6. The battery pack as claimed in claim 1, wherein said material comprising of said second combination comprising of:
at least 50% to 90% polycarbonate by weight of said material;
at least 10% to 50% acrylonitrile butadiene styrene by weight of said material; and
at least 5% said non-halogen flame retardant compound by weight of said material.
7. The battery pack as claimed in claim 1, wherein said material comprising of said third combination comprising of
at least 60% to 95% polyphenylene ether by weight of said material;
at least 5% to 40% polystyrene by weight of said material;
at most 10% glass fibre by weight of said material; and
at least 5% said non-halogen flame retardant compound by weight of said material.
8. The battery pack as claimed in claim 1, wherein said third combination includes a high impact polystyrene.

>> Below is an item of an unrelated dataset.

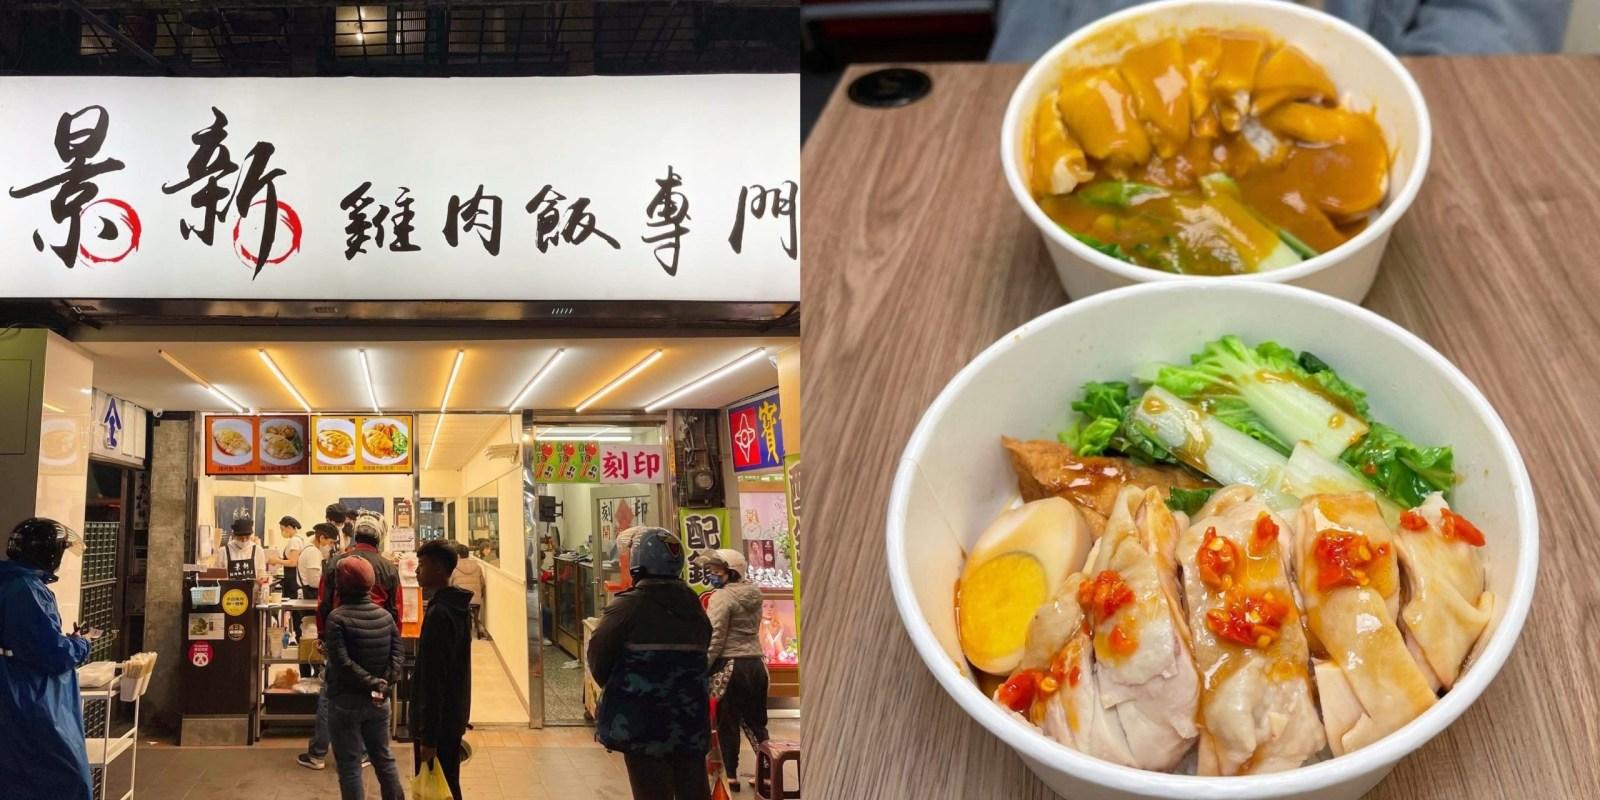 [新北美食] 景新雞肉飯專門店 - Q彈的雞肉飯居然還有賣雞肉咖哩飯啦!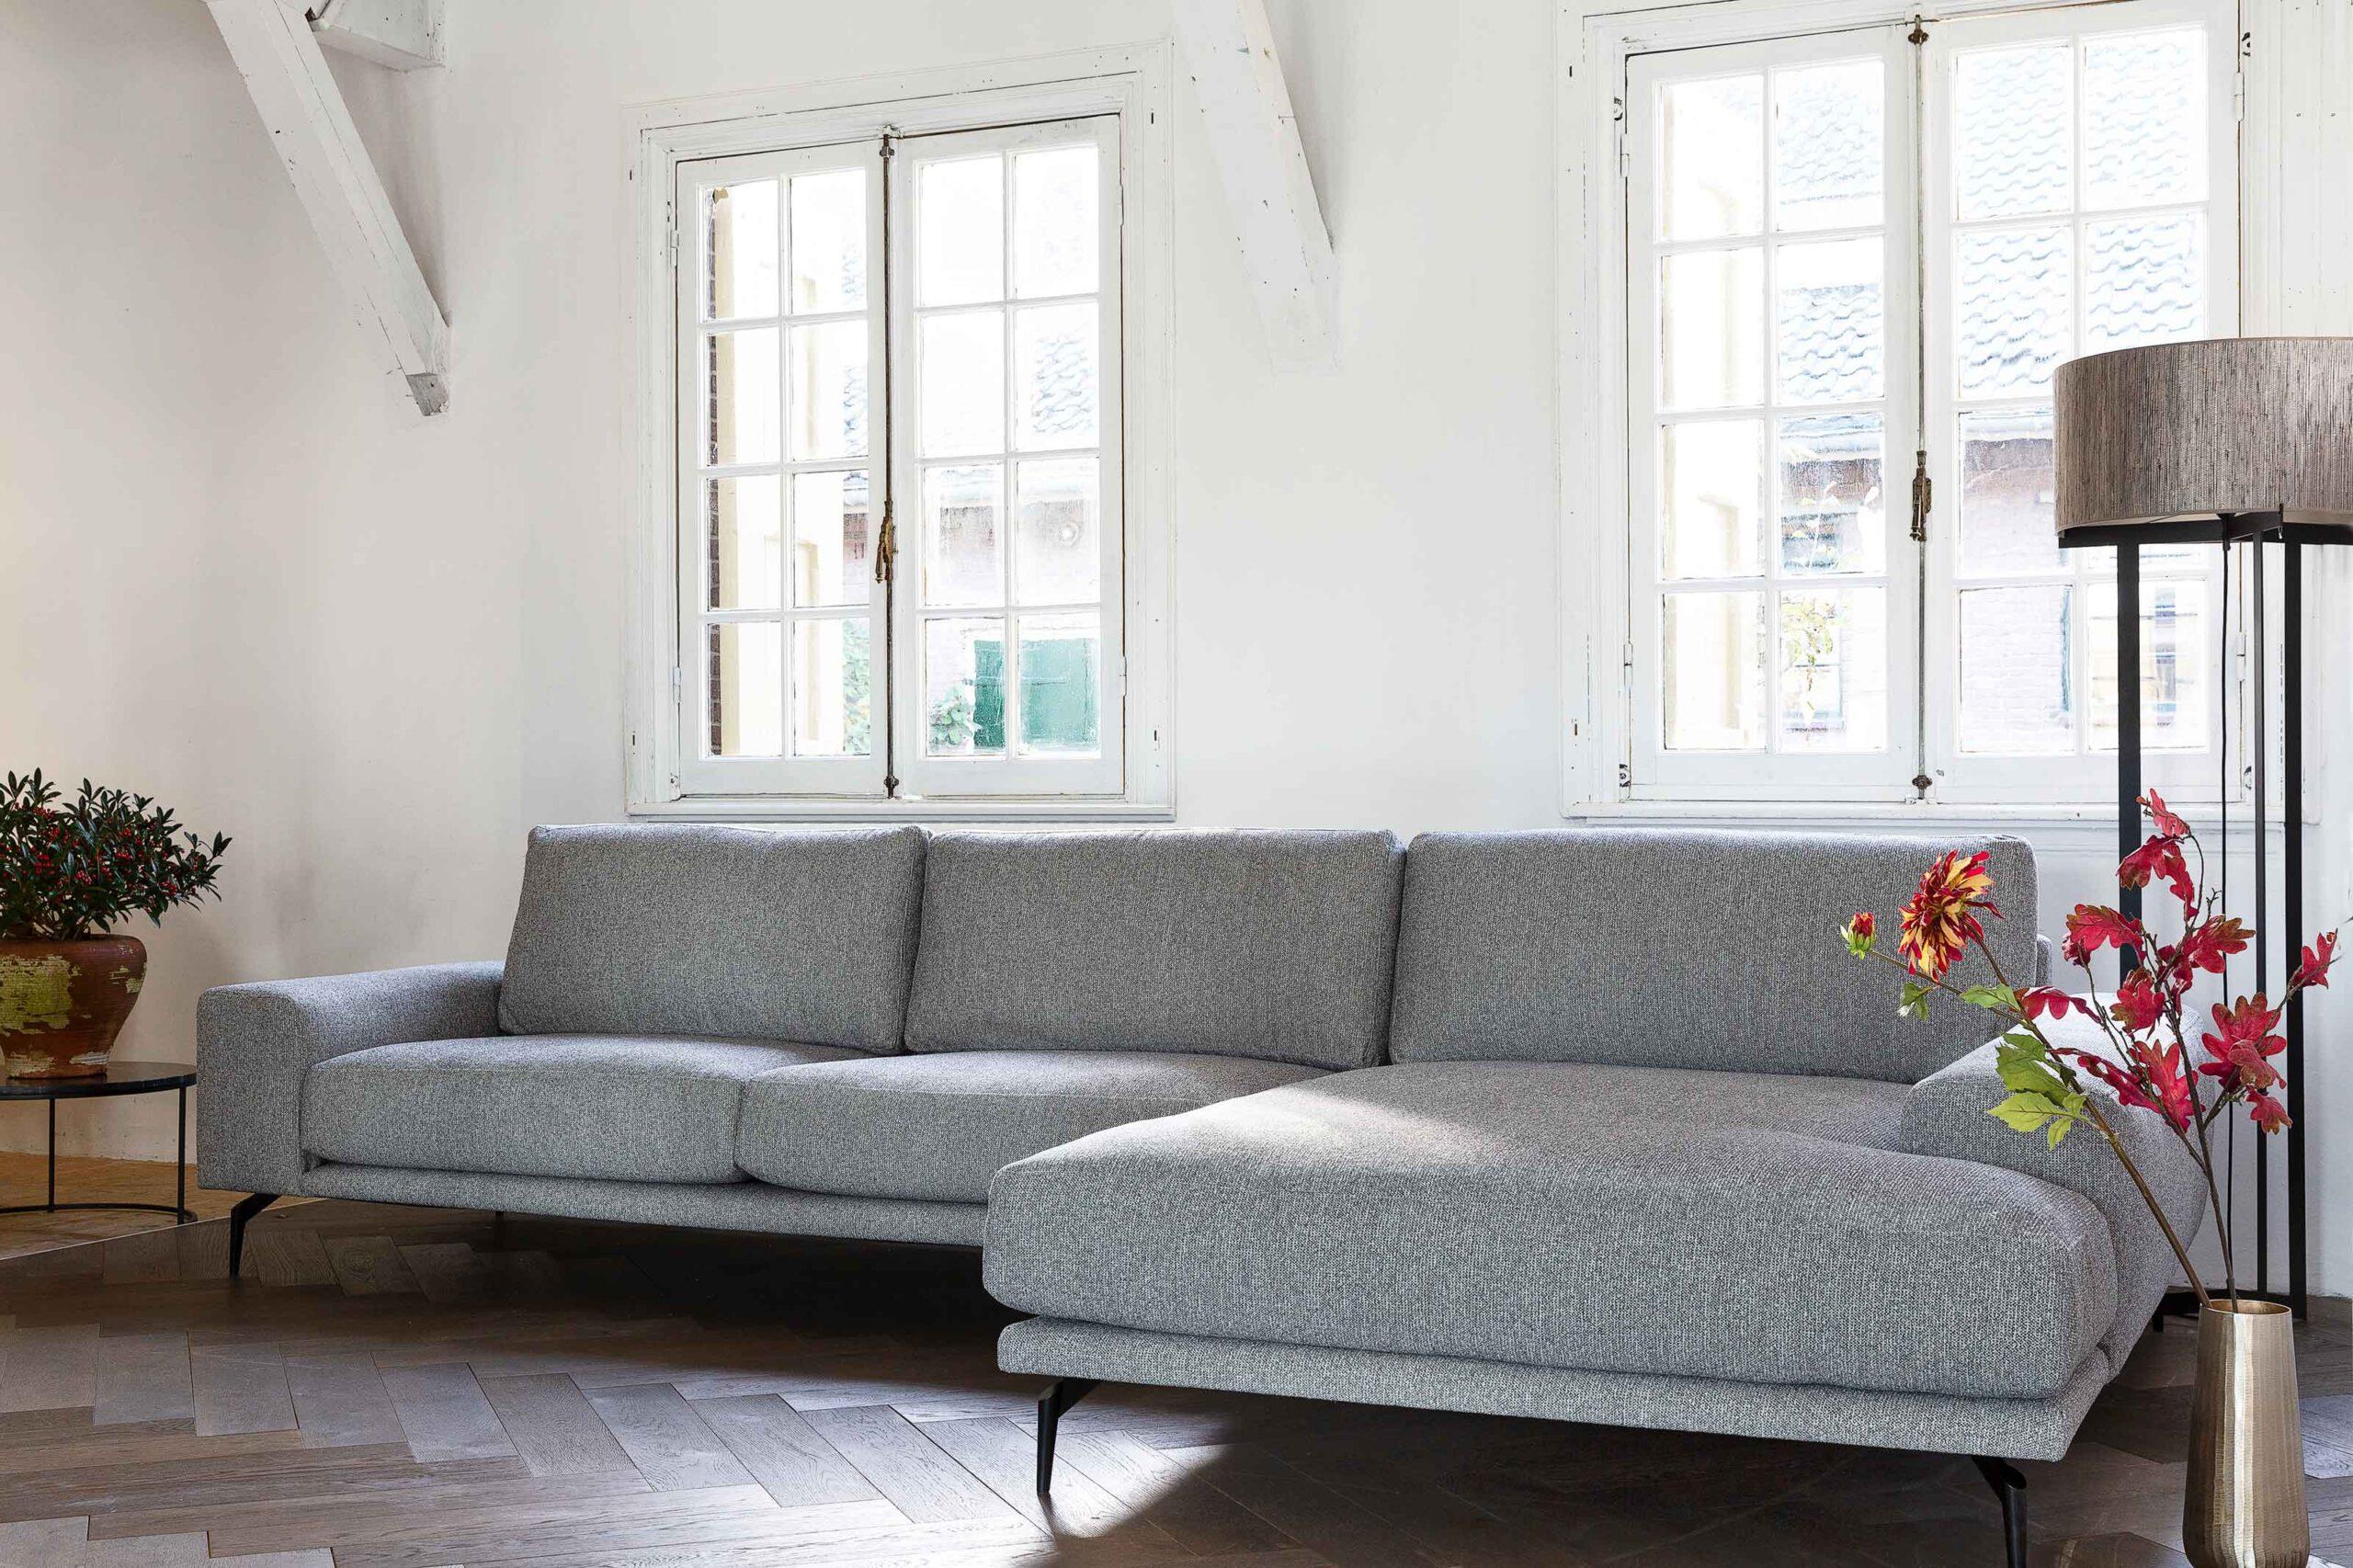 belle-milano-hoekbank-met-grote-en-breede-longchair-soofs-interieur

9. The battery pack as claimed in claim 1, wherein said non-halogen flame retardant being at least one of
an inorganic flame retardant;
a nitrogen-based flame retardant; and
a phosphorous-based flame retardant.
10. A method for manufacturing a battery pack, said method comprising steps of:
creating, a mould for each of a top cover, a bottom cover and a centre cover, wherein said top cover, said bottom cover and said centre cover together form a battery cover for said battery pack;
synthesizing, a material for said battery cover, said material being composed by alloying at least one of:
a first combination of polypropylene and long glass fiber,
a second combination of polycarbonate and acrylonitrile butadiene styrene, and
a third combination of polyphenylene ether, polystyrene and glass fibre,
wherein said material comprises a non-halogen flame retardant compound, wherein said non-halogen flame retardant compound being at least 10% to 40% by weight of said material;
injecting, a molten form of said synthesized material into said mould for forming said battery cover;
cooling, said mould of said battery cover to allow hardening of said molten form of said material; and
ejecting, said battery cover from said mould.
11. The method for manufacture of said battery pack as claimed in claim 10, wherein said synthesized material of said first combination, said second combination and said third combination being subjected to a temperature range of 120-320 degree Celsius to form said molten form of said synthesized material.